## SOURCE RECORDS
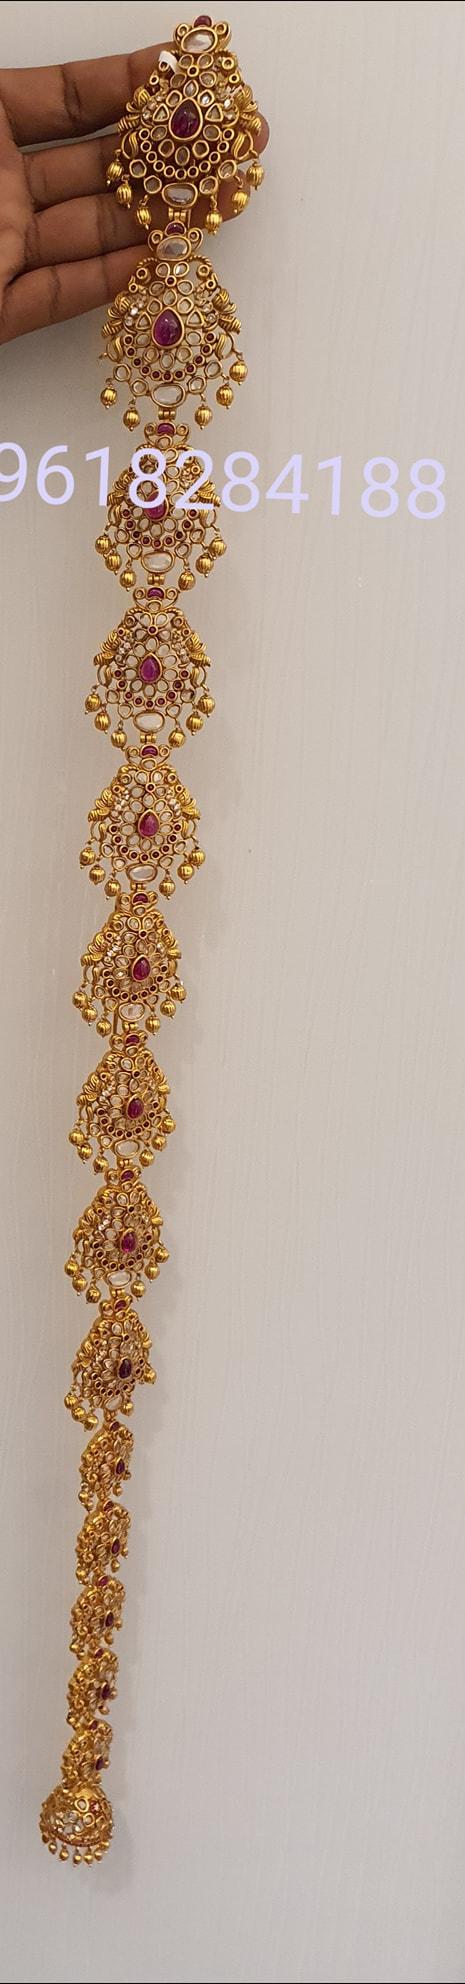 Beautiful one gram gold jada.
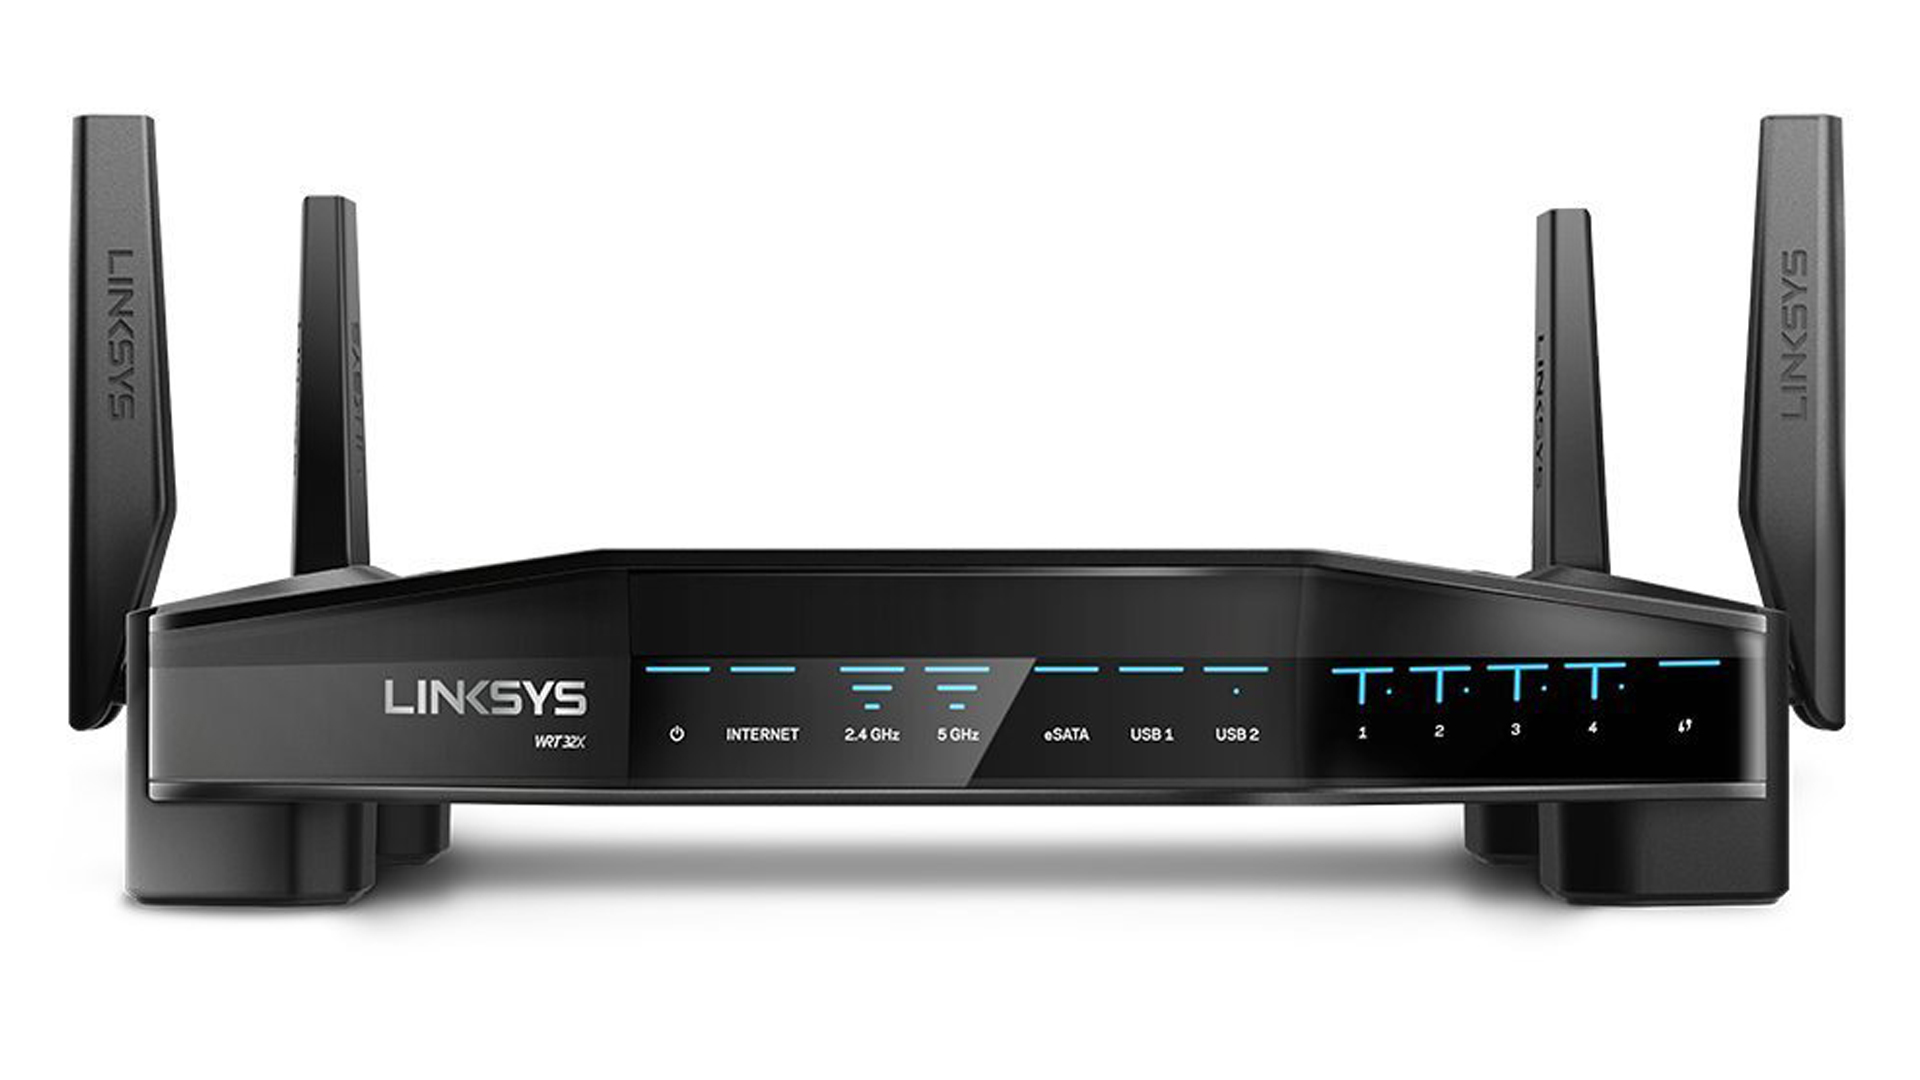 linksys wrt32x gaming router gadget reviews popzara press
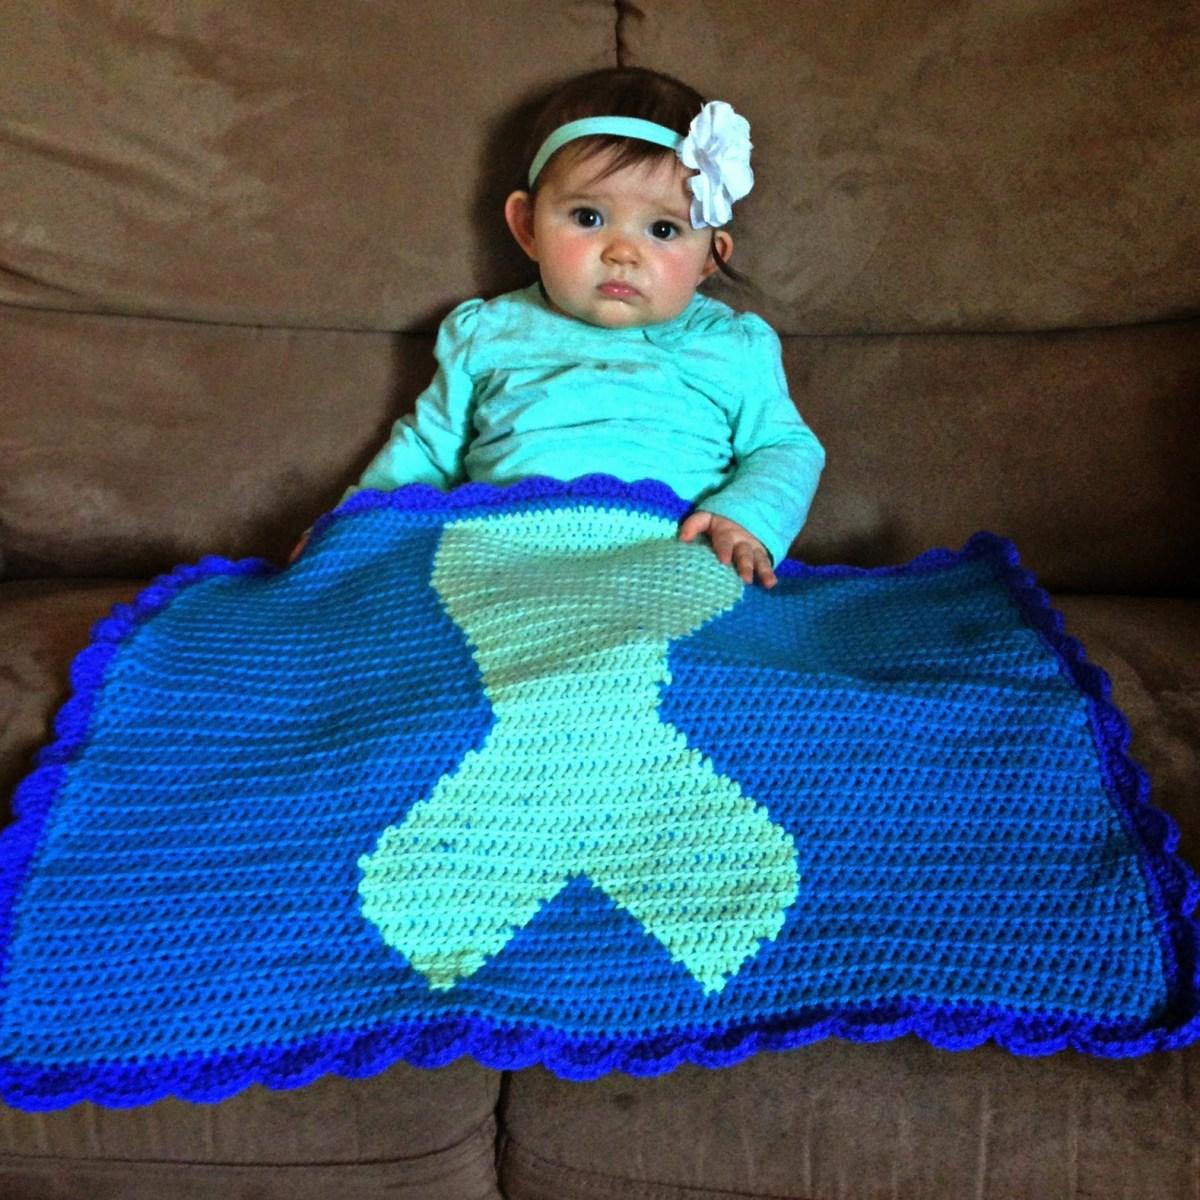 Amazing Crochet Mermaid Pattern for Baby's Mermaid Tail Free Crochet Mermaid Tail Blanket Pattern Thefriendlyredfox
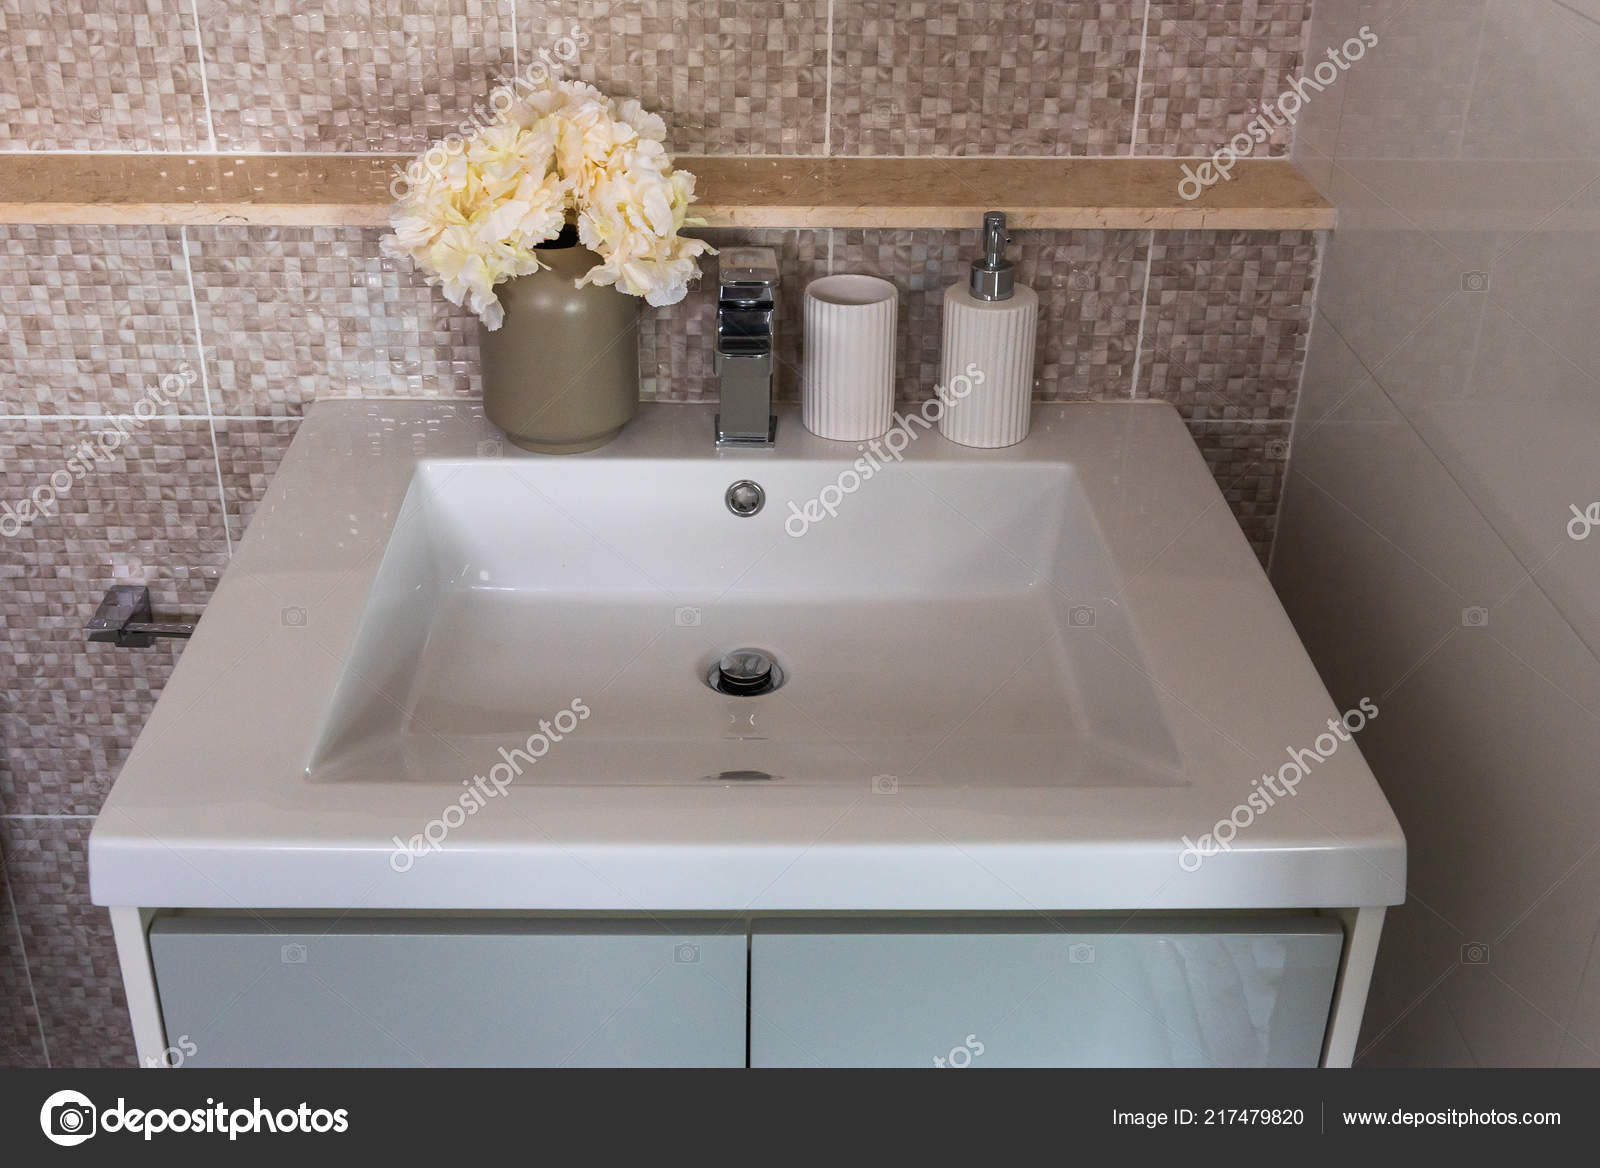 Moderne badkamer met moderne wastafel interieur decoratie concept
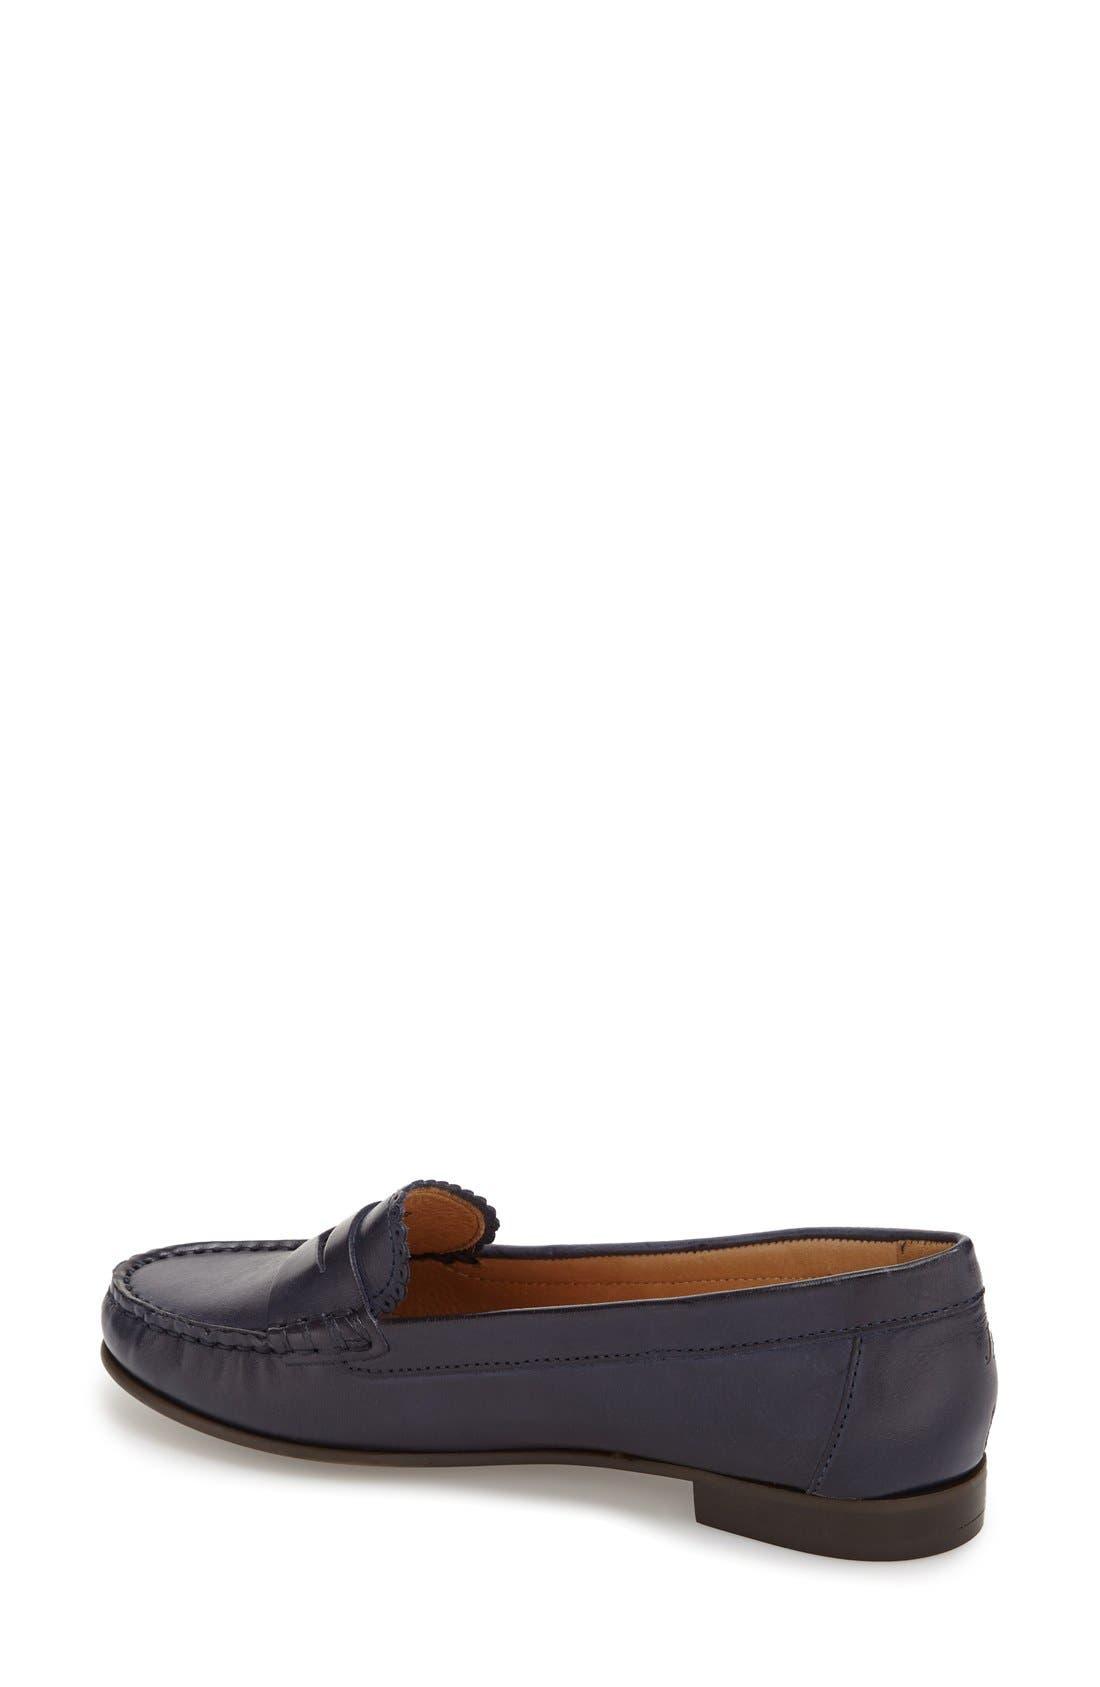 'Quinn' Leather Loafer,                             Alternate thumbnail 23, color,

## REQUIREMENT
Beginning with the first line of the records above, extract each line exactly through the line that holds "Moderne badkamer met", both ends included. Omit pictures.

## YOUR RESPONSE
 Beautiful one gram gold jada.
 linksys wrt32x gaming router gadget reviews popzara press
 Amazing Crochet Mermaid Pattern for Baby's Mermaid Tail Free Crochet Mermaid Tail Blanket Pattern Thefriendlyredfox
 Moderne badkamer met moderne wastafel interieur decoratie concept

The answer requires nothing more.